Avis critique rédigé par Manu B. le dimanche 26 juin 2011 à 22h39

Après le Yang, le Yin

"J'aimais Dieu.
J'aimais Dieu, je l'aimais vraiment. J'étais si jeune, alors: les années de petite école, quand elle se montre maternelle. Jeux et rires, pommes de papier vernissé découpées au poinçon, gommettes, feutres, spectacles où je dansais, revêtue d'un poncho ou d'une robe de marquise en crépon rose. J'aimais encore le rose, aussi, en ce temp-là. Je n'avais encore pas compris..."


Après Contes Myalgiques I, qui a remporté un succès critique et le Prix Imaginale du recueil de nouvelles, ce sont ici d'autres textes, parfois antérieurs à 2007, aux trois quart inédits, qui ont été rassemblés dans un second volume, aux éd. Griffe d'encre. Au programme 19 nouvelles (et deux courtes introduction et conclusion) dont la palette importante de thèmes permet d'explorer de nombreux univers et des idées très souvent noires.

En refermant le recueil, on ressent une étrange impression de malaise; une question vient à l'esprit: mais que s'est-il passé entre le premier recueil et celui-ci ? 
Où sont les contes, les princesses, les créatures certes surnaturelles mais plus ou moins bienveillantes ? Où est la lumière ?
Avec Contes Myalgiques II, on se trouve dans le Yin, le noir, la nuit, le froid, la pourriture, le sang, la mort. L'écriture en subit les effets, une métamorphose presque obscène - dans leur signification profonde.

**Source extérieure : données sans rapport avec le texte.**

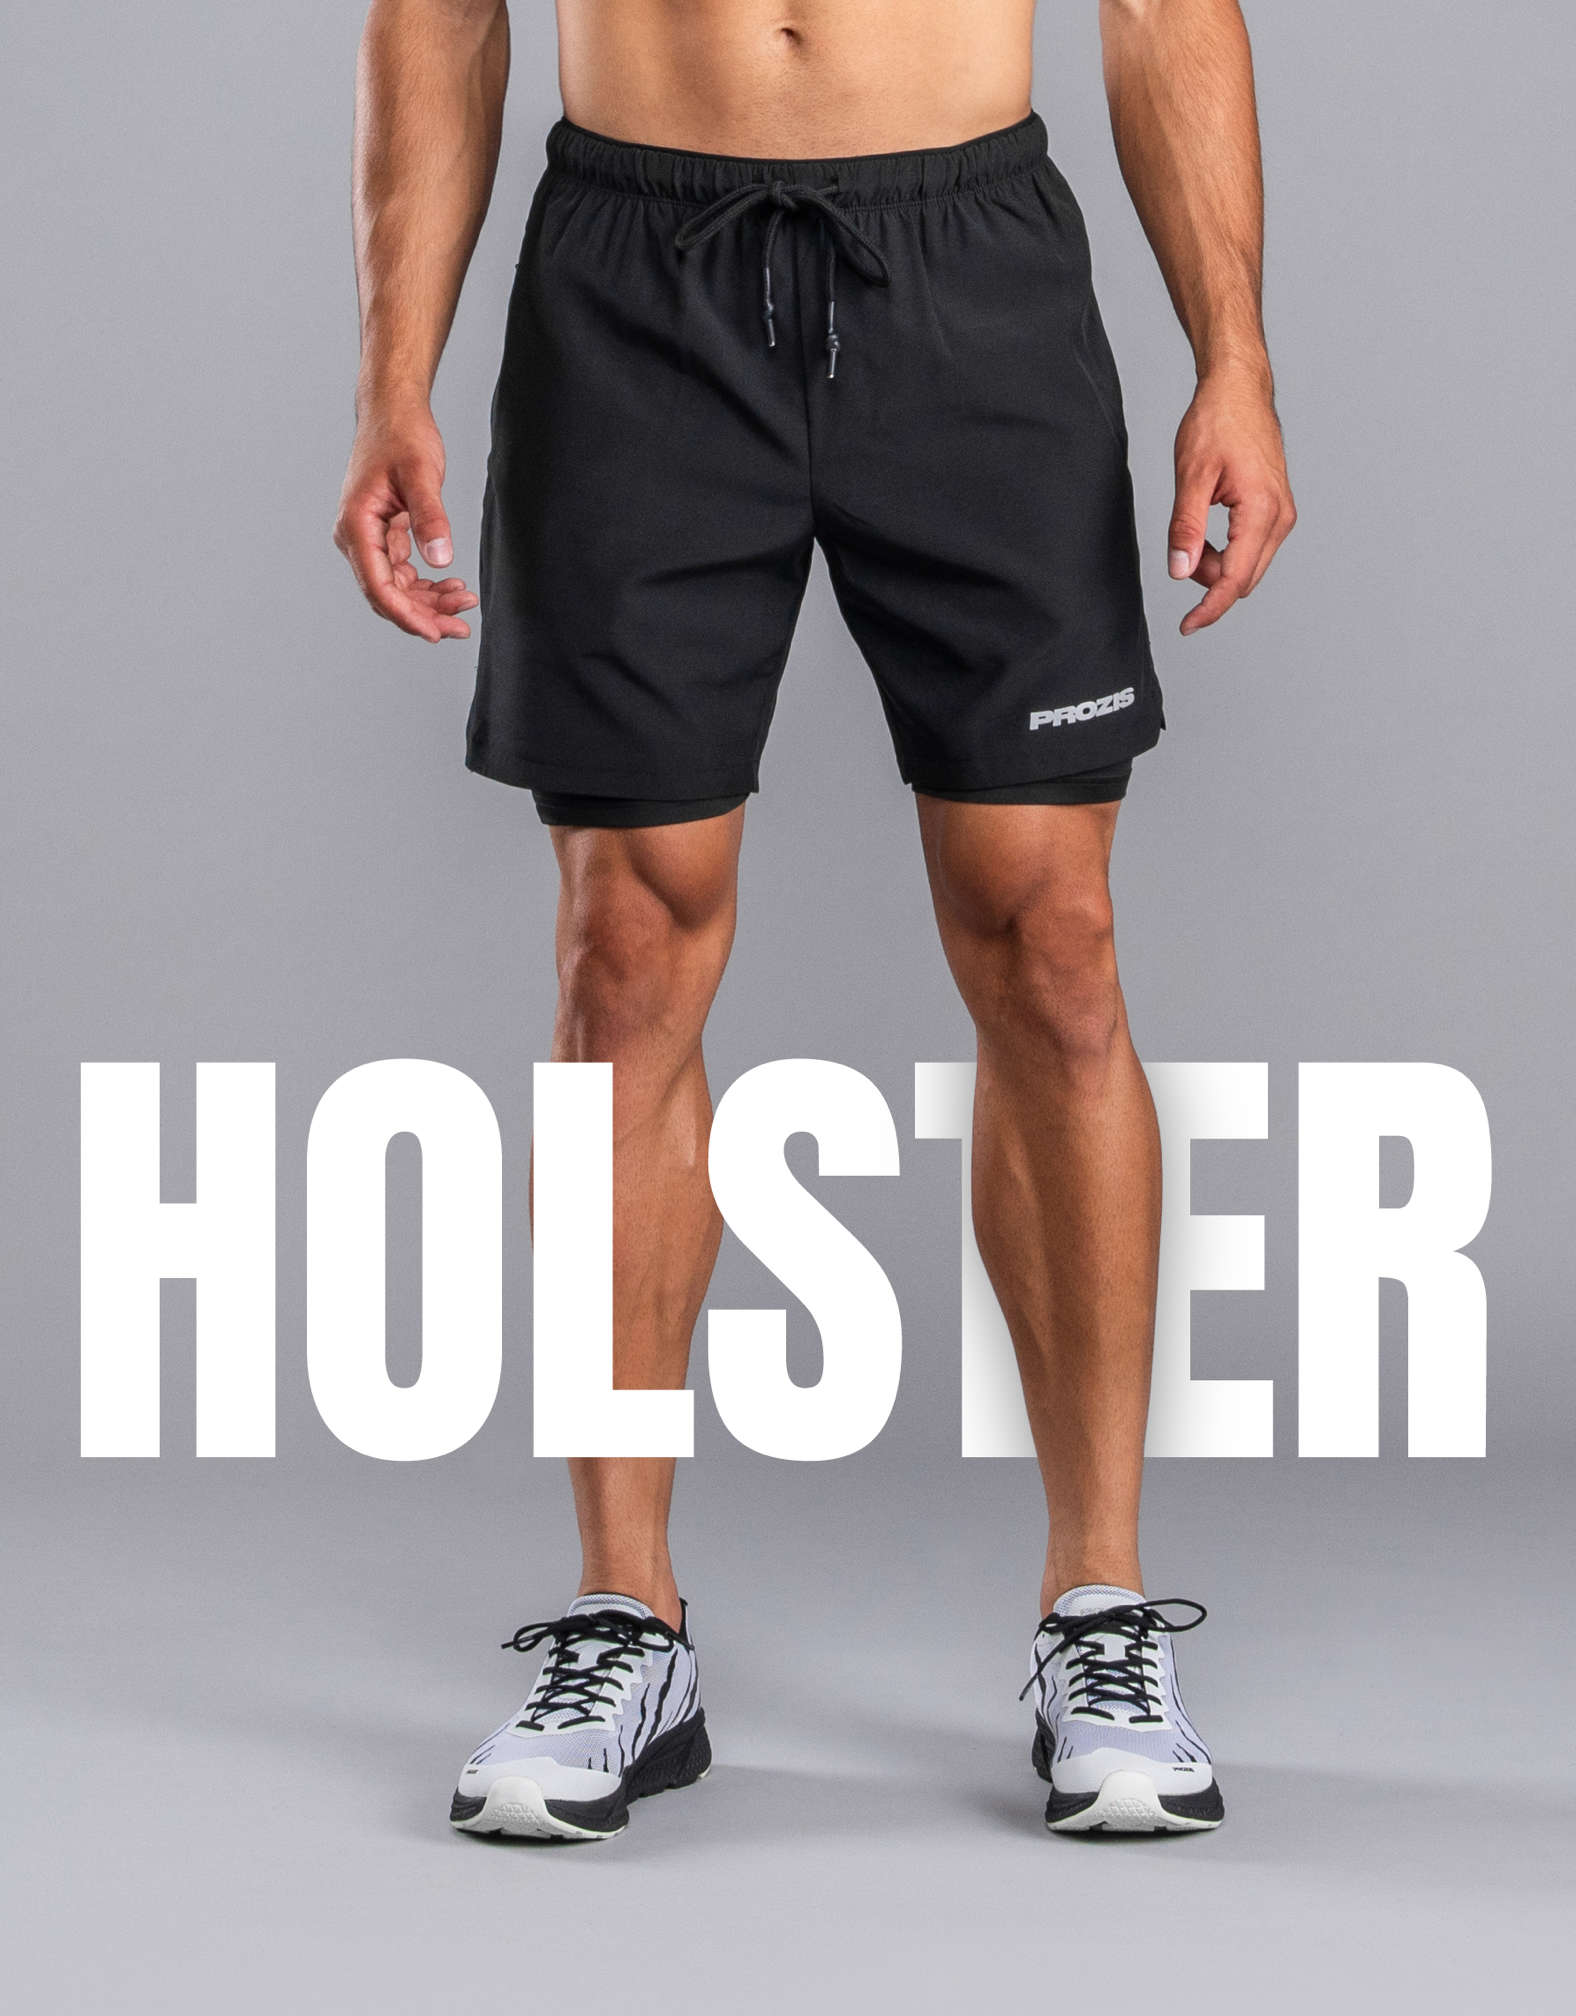 Pantaloncini da Corsa - Holster Black - Performance e Sport | Prozis

Les histoires ne sont pas du genre à raconter aux enfants le soir au coin du feu, un soir de Noël. Non, plutôt à des ados en mal de sensations autour d'un feu de camp. Effet garanti: il y est question d'enfants mort-nés, d'enfants et de femmes battus, de dénis de grossesse, de Peter Pan trash, d'Arlequin Kingesque.
Et la mort. Des enfants, des soeurs, des frères, des maris, des amis, des êtres virtuels qui meurent. Beaucoup de morts.

Si Nathalie Dau développe, au long des pages de ce recueil, des idées morbides, elles sont aussi très proches du réel, comme une transposition de notre réalité dans un contexte surnaturel, sans toutefois réussir à s'en détacher complètement. Troublant constat.
On retiendra, entres autres et puisqu'il faut se résoudre à faire un choix, solamente, une lettre de deux ou trois pages destinée à un amour disparu et pour Camille, peut-être le plus optimiste des textes qui finit malgré tout par une mort.

Si Contes Myalgiques I était la thèse, Contes Myalgiques II en est l'antithèse. Quel en sera le troisième volume ?

La conclusion de à propos du Recueil de nouvelles : Contes Myalgiques II #2 [2010]

Manu B.
80

Les textes rassemblés dans ce recueil montrent l'envers de la médaille dont on avait aperçu la face lumineuse et féerique dans le premier recueil.
C'est ici une face sombre avec des thèmes durs où la souffrance et la mort jouent les premiers rôles. De jolis textes pour la plupart.